[DATA RECORDS Boundary: Start]
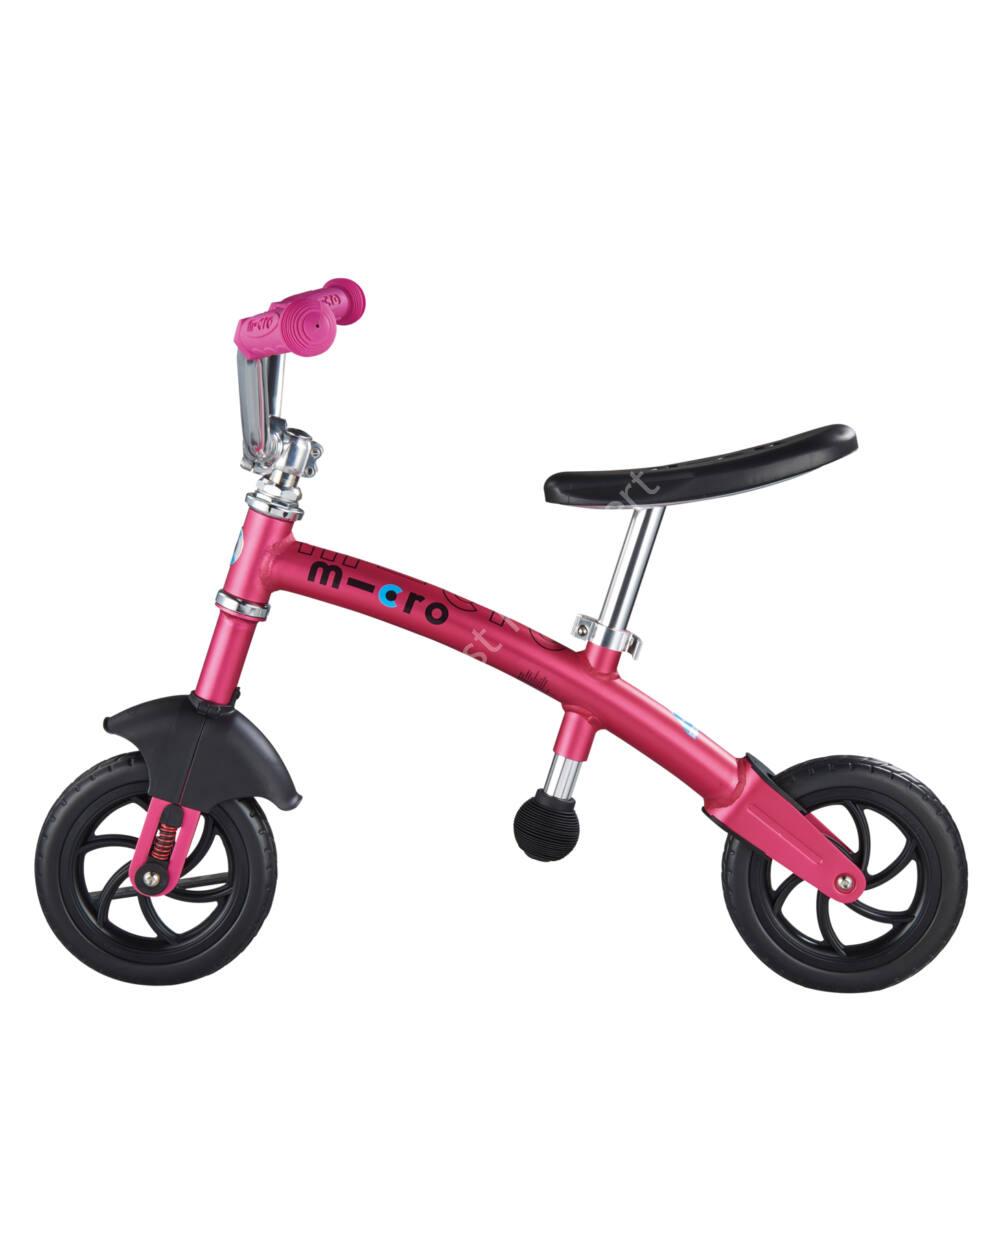 Micro 2in1 G-Bike Chopper Deluxe futóbicikli, pink
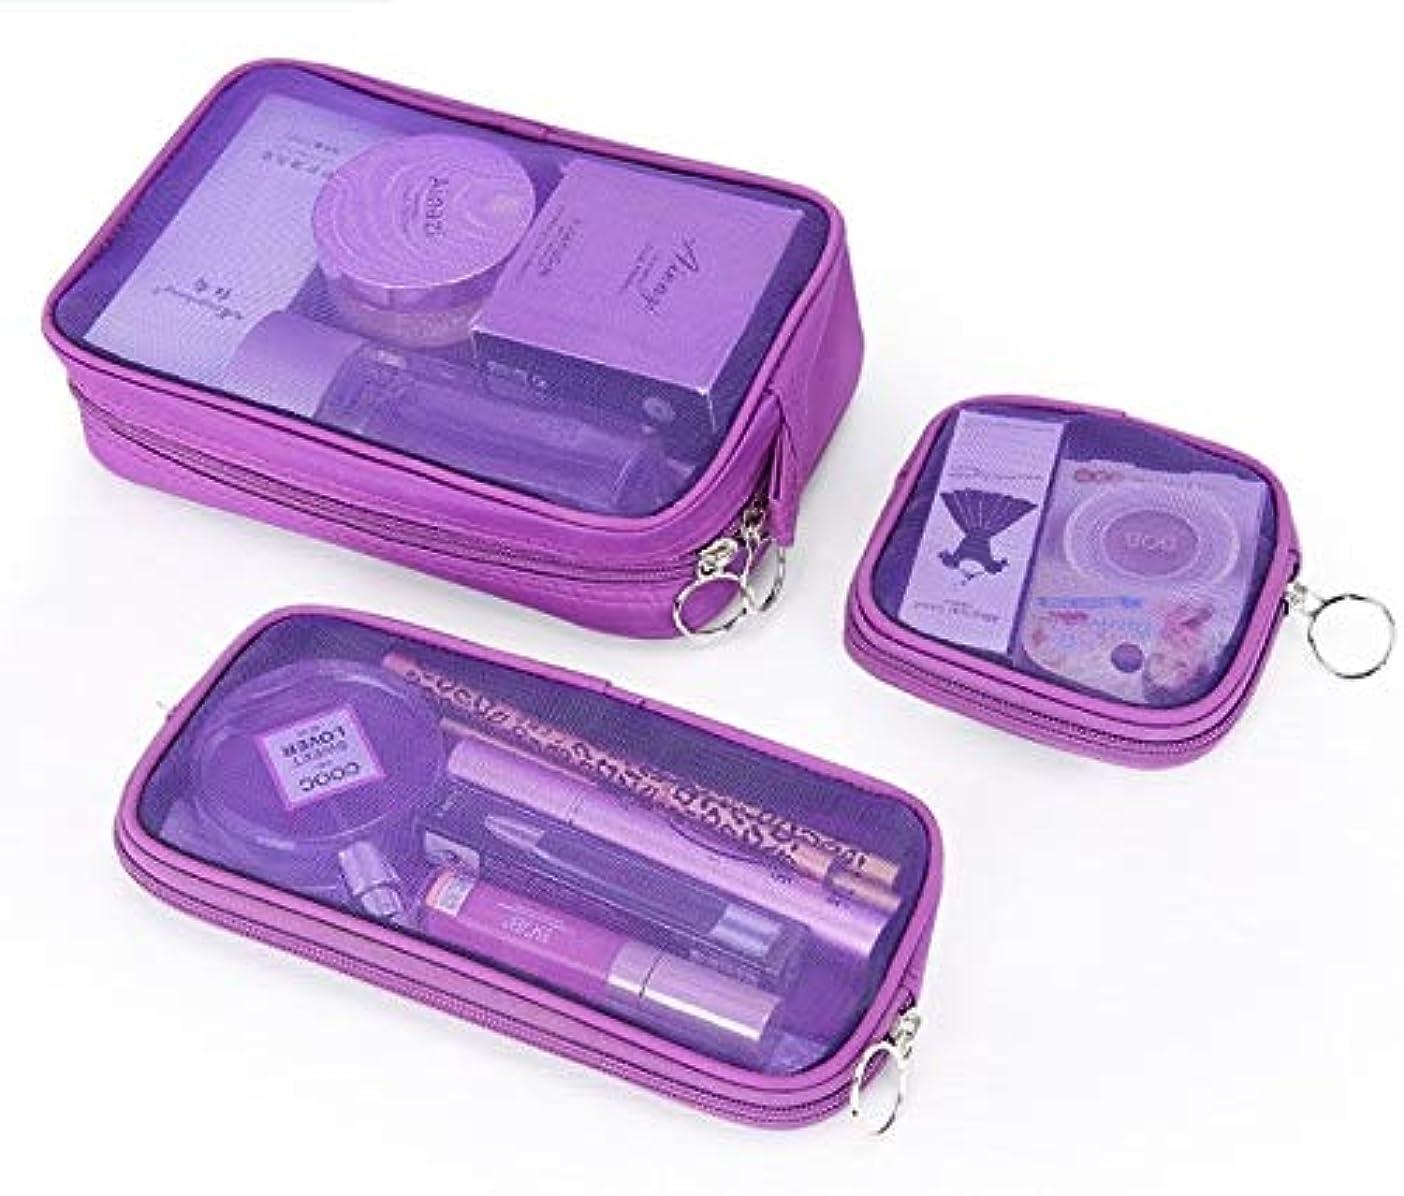 加速する面積刑務所化粧箱、3の透明メッシュ化粧品袋セット、ポータブル旅行化粧品袋収納袋、美容ネイルジュエリー収納ボックス (Color : Purple)
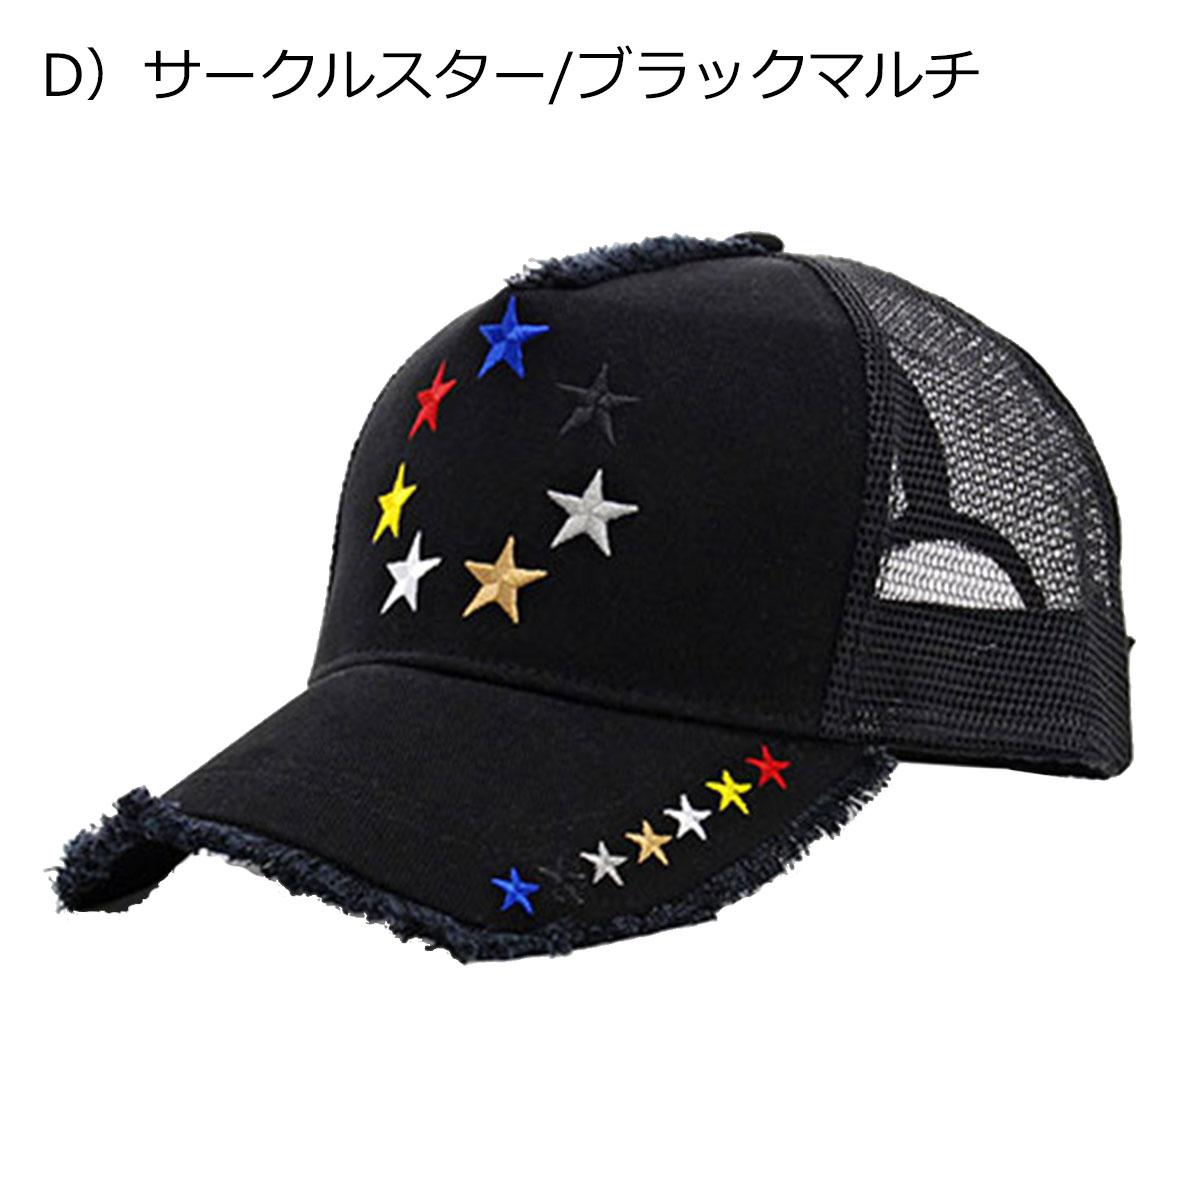 D)サークルスター/ブラックマルチ
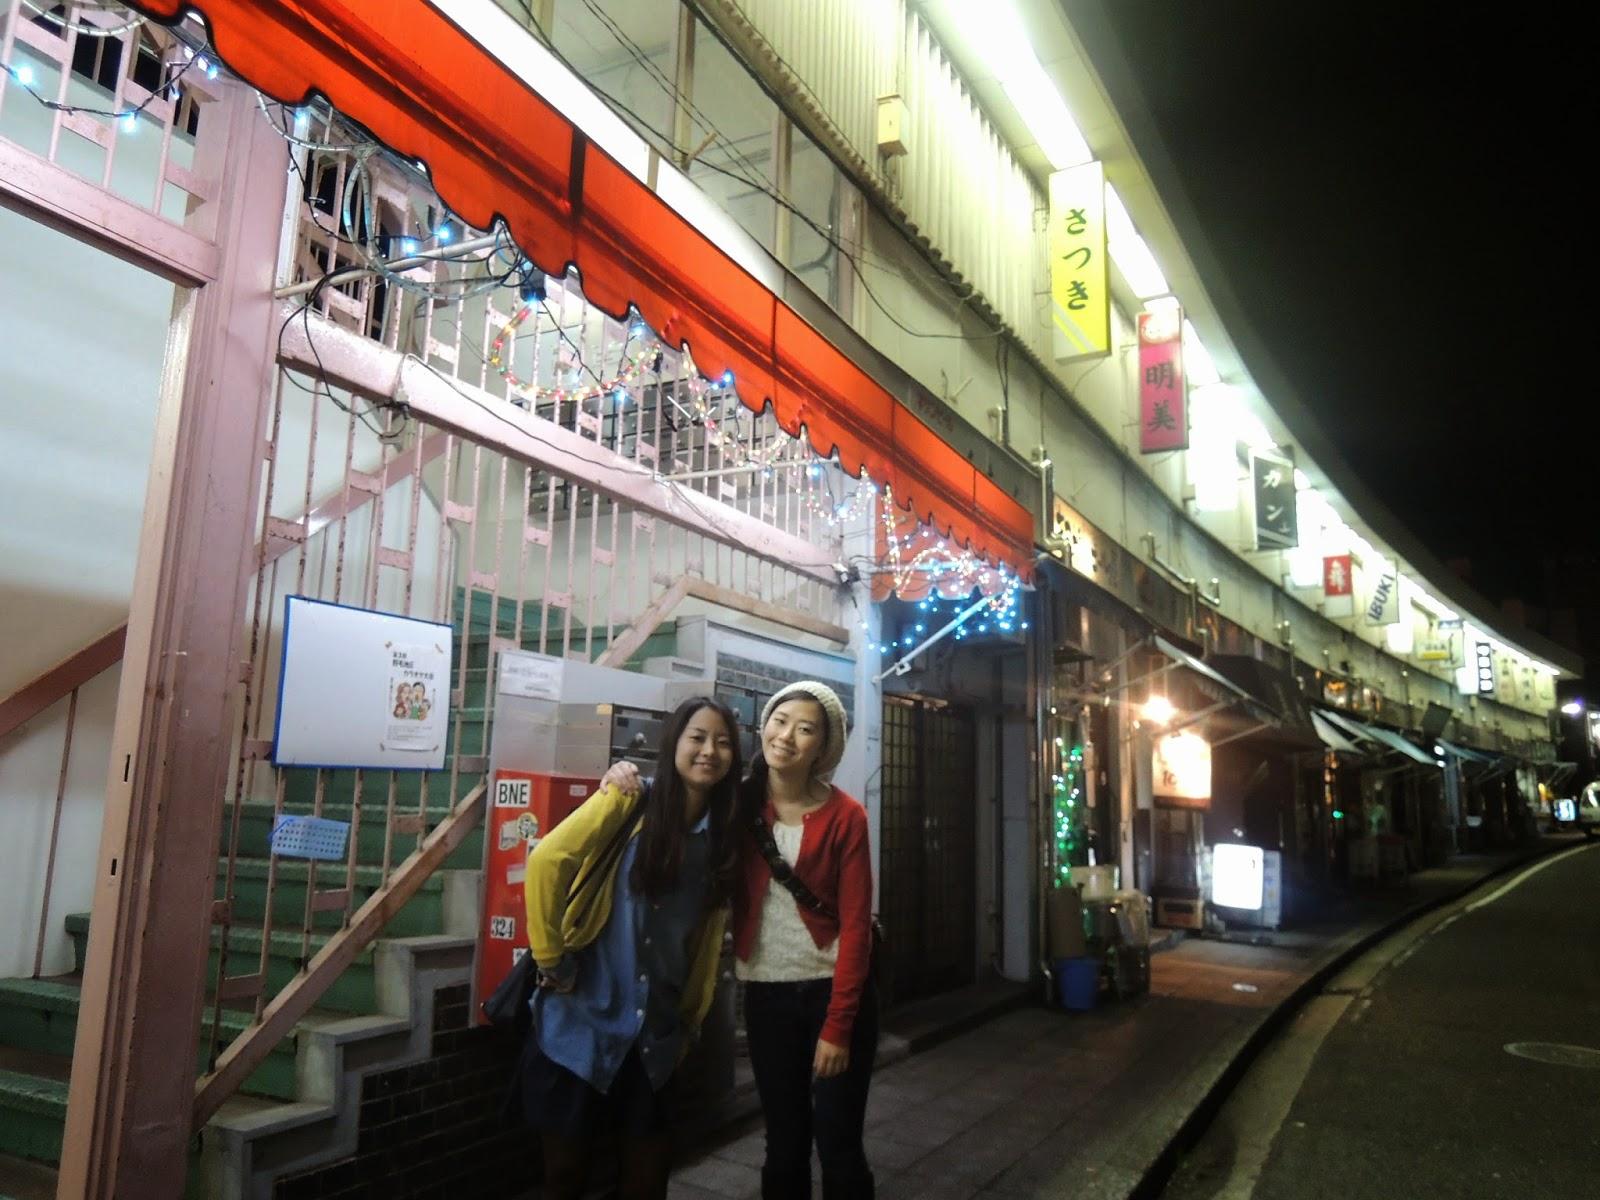 横浜観光【横浜】野毛町 Yokohama Nogecho
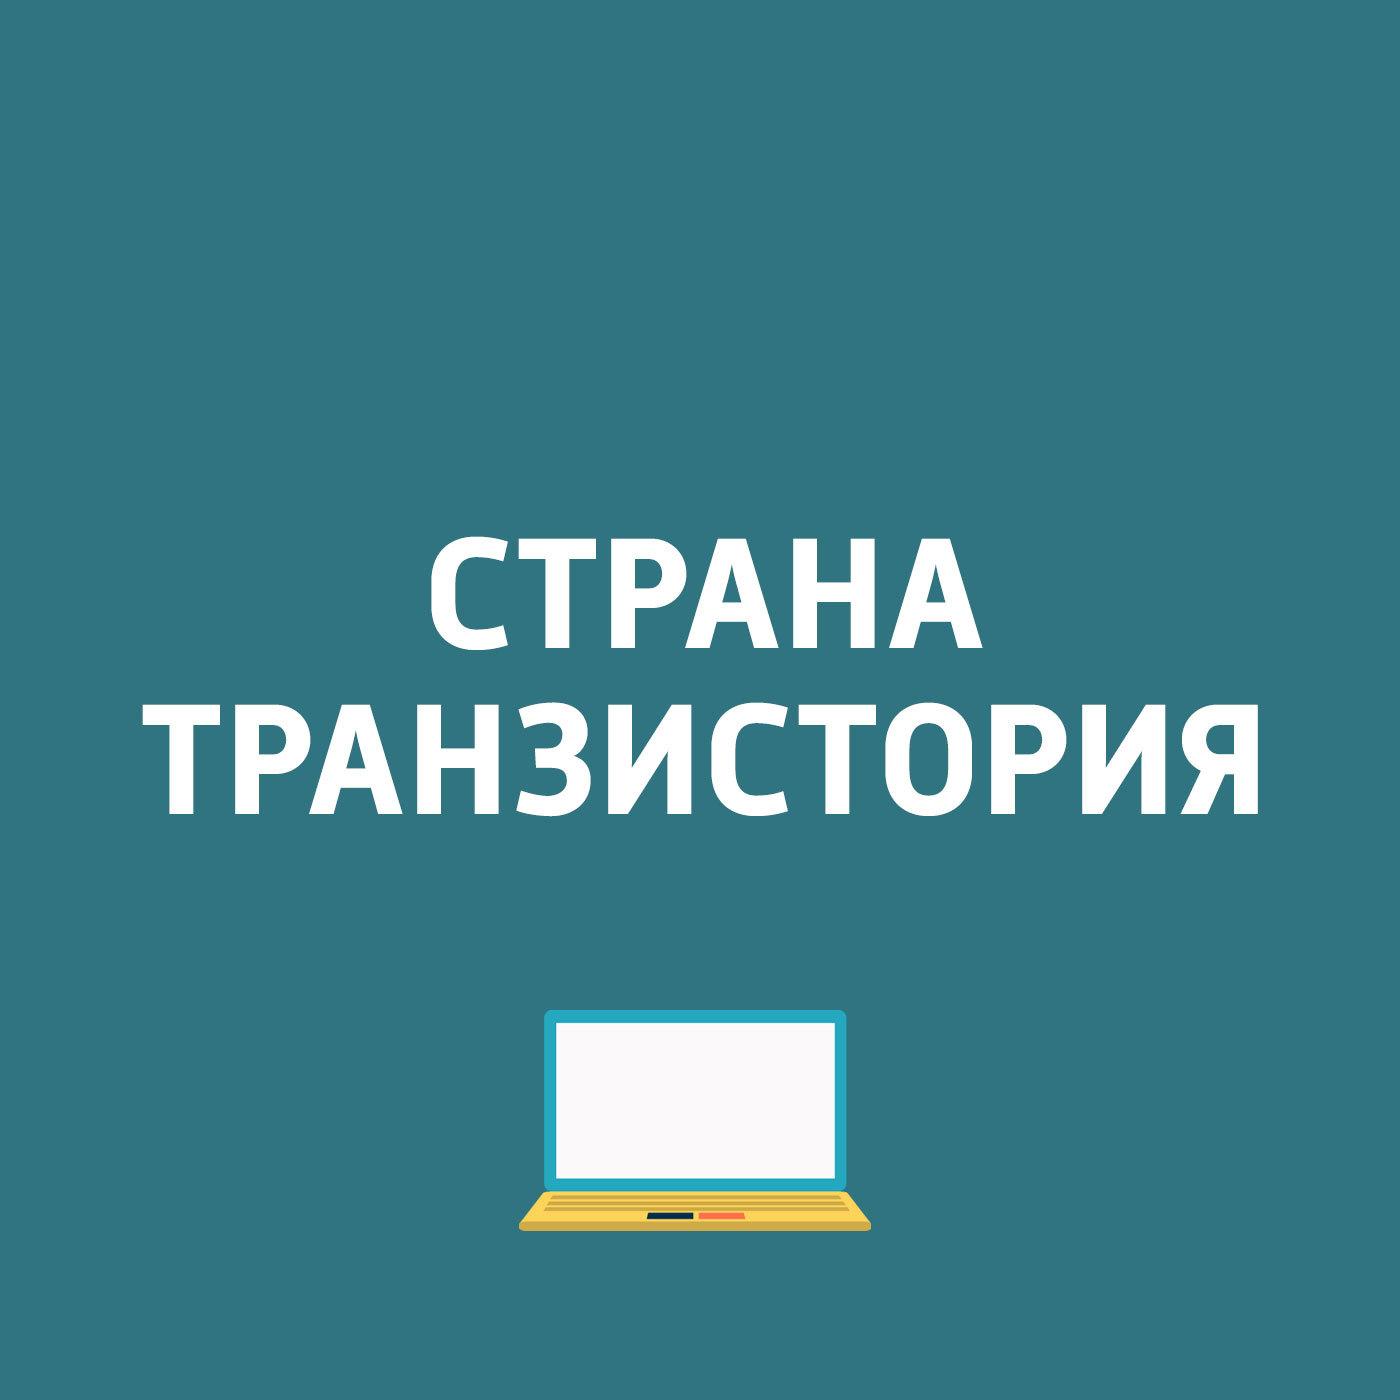 Картаев Павел Huawei объявляет о старте продаж MateBook в России; Vido W10 Elite; «ВКонтакте» выпускает аналог Prisma... картаев павел asus zenbo запускают в продажу с нового года фоторедактор prisma назван лучшим мобильным приложением года
[DATA RECORDS Boundary: End]
THE TASK: Once the line holding "D)サークルスター/ブラックマルチ" is found, set down that line and every line after it, exactly, through the last line of the records above, omitting pictures.

TASK OUTPUT:
 D)サークルスター/ブラックマルチ
 横浜観光【横浜】野毛町 Yokohama Nogecho
 Картаев Павел Huawei объявляет о старте продаж MateBook в России; Vido W10 Elite; «ВКонтакте» выпускает аналог Prisma... картаев павел asus zenbo запускают в продажу с нового года фоторедактор prisma назван лучшим мобильным приложением года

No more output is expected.